OrdinalEncoder — quick example for 1‑D data
When your data is one dimensional you must pass a 2‑D array (n_samples, 1) to sklearn.preprocessing.OrdinalEncoder — reshape your 1‑D array 
before fitting or transforming.

"""
# example 1-D categorical data
X = np.array(['low', 'medium', 'high', 'medium', 'low'])


# reshape to (n_samples, 1)
X_2d = X.reshape(-1, 1)

encoder = OrdinalEncoder()
encoded = encoder.fit_transform(X_2d)   # result is shape (n_samples, 1)

print("Encoded (2D):\n", encoded.ravel())  # .ravel() to print as 1-D
print("Categories:", encoder.categories_)
# inverse transform back to original labels
decoded = encoder.inverse_transform(encoded)
print("Decoded:\n", decoded.ravel())

Encoded:
 [[1. 2.]
 [2. 0.]
 [0. 1.]
 [2. 2.]]
Categories: [array(['high', 'low', 'medium'], dtype='<U6'), array(['blue', 'green', 'red'], dtype='<U6')]
Inverse:
 [['low' 'red']
 ['medium' 'blue']
 ['high' 'green']
 ['medium' 'red']]
------------------------------
Encoded (2D):
 [1. 2. 0. 2. 1.]
Categories: [array(['high', 'low', 'medium'], dtype='<U6')]
Decoded:
 ['low' 'medium' 'high' 'medium' 'low']


In [3]:
# Specify category order explicitly
# First column has meaningful order; second is nominal but we still fix categories
enc2 = OrdinalEncoder(categories=[['low', 'medium', 'high'], ['red', 'green', 'blue']])
enc2.fit(X)
print("Encoded with fixed categories:\n", enc2.transform(X))

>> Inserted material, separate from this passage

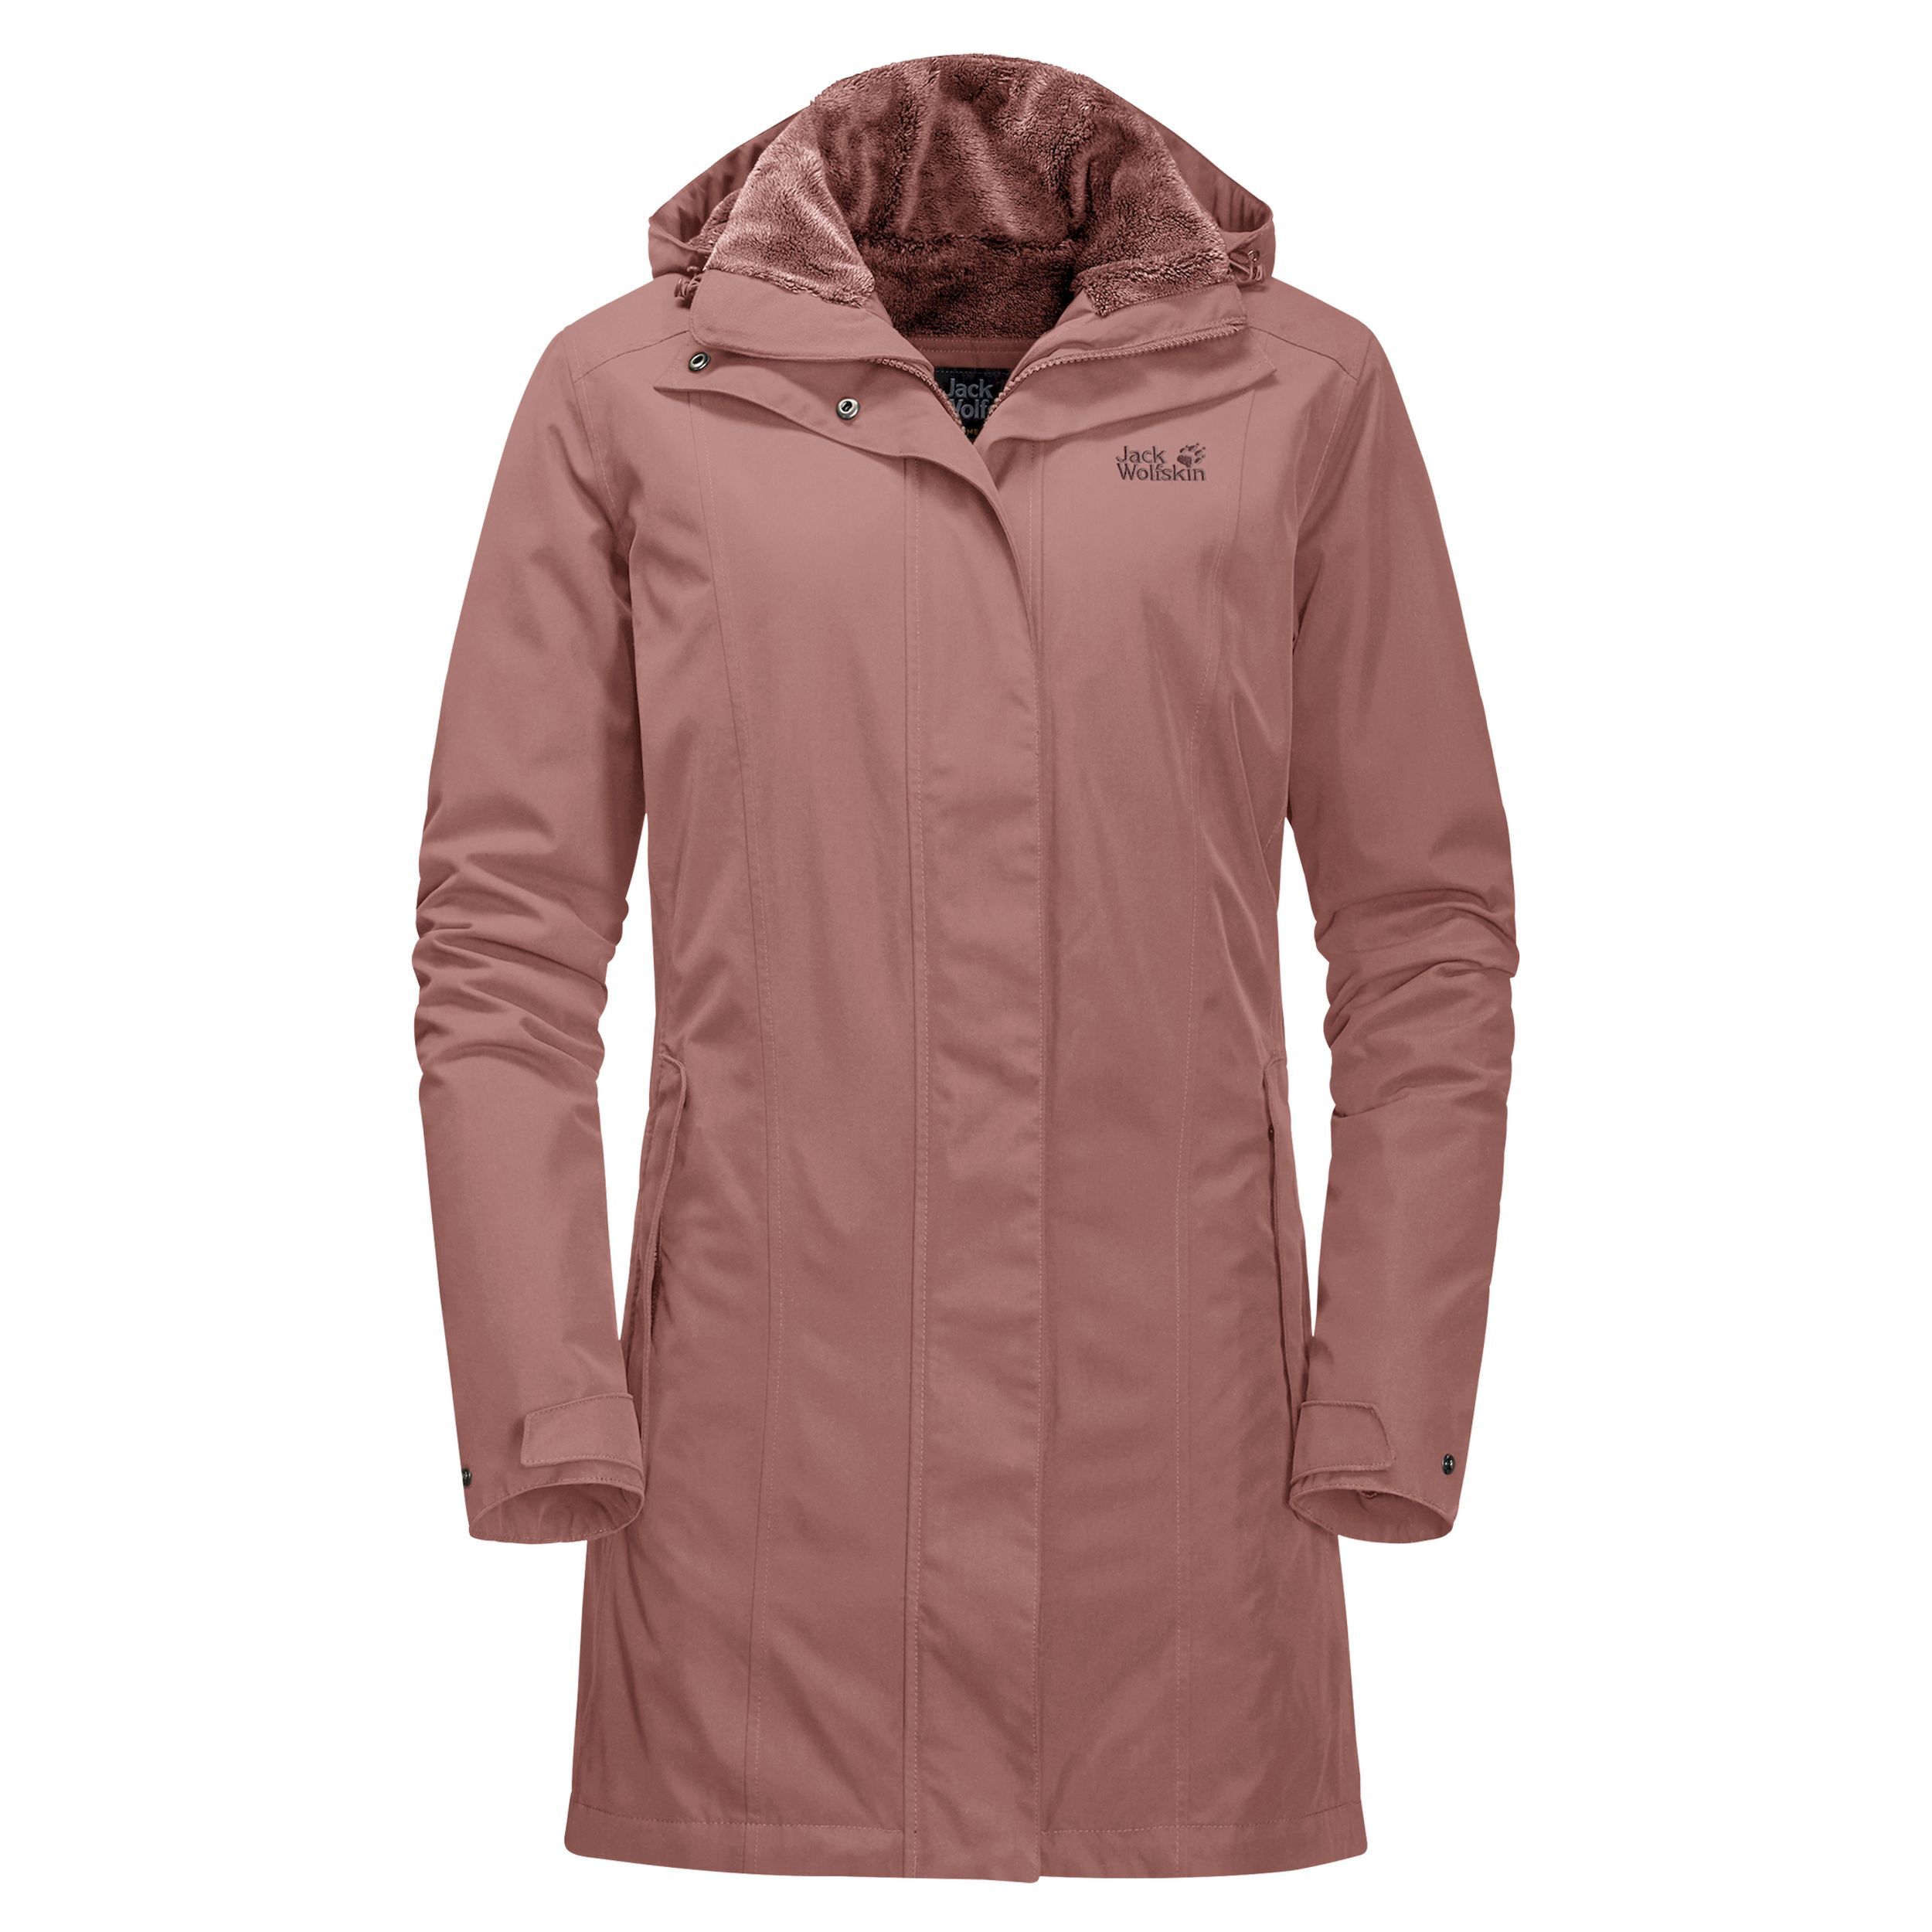 Jack Wolfskin Madison Avenue Coat - Waterproof jacket - Women's

Encoded with fixed categories:
 [[0. 0.]
 [1. 2.]
 [2. 1.]
 [1. 0.]]


In [5]:
# Handle unknown categories at transform time
enc3 = OrdinalEncoder(handle_unknown='use_encoded_value', unknown_value=-1)
enc3.fit(X)

X_new = np.array([['very_high', 'red'], ['low', 'purple']])
print("Transform with unknowns:\n", enc3.transform(X_new))

Transform with unknowns:
 [[-1.  2.]
 [ 1. -1.]]


Common parameters and behavior -- ( OrdinalEncoder )
- categories: 'auto' (default) or a list of category lists; 'auto' infers categories from training data.
- dtype: Numeric dtype of output (default numpy.float64).
- handle_unknown: 'error' (default) or 'use_encoded_value' — controls behavior when transforming unseen categories; with 'use_encoded_value' you must provide unknown_value.
- encoded_missing_value: value used to encode missing entries (NaN by default).
These options let you control ordering, data type, and how unknown/missing values are handled.

Practical notes (short)

Use OrdinalEncoder when categories have a real order (e.g., small < medium < large).
For nominal categories prefer OneHotEncoder to avoid introducing artificial order.
Fix categories via the categories parameter or persist the fitted encoder to ensure consistent mappings between train and production.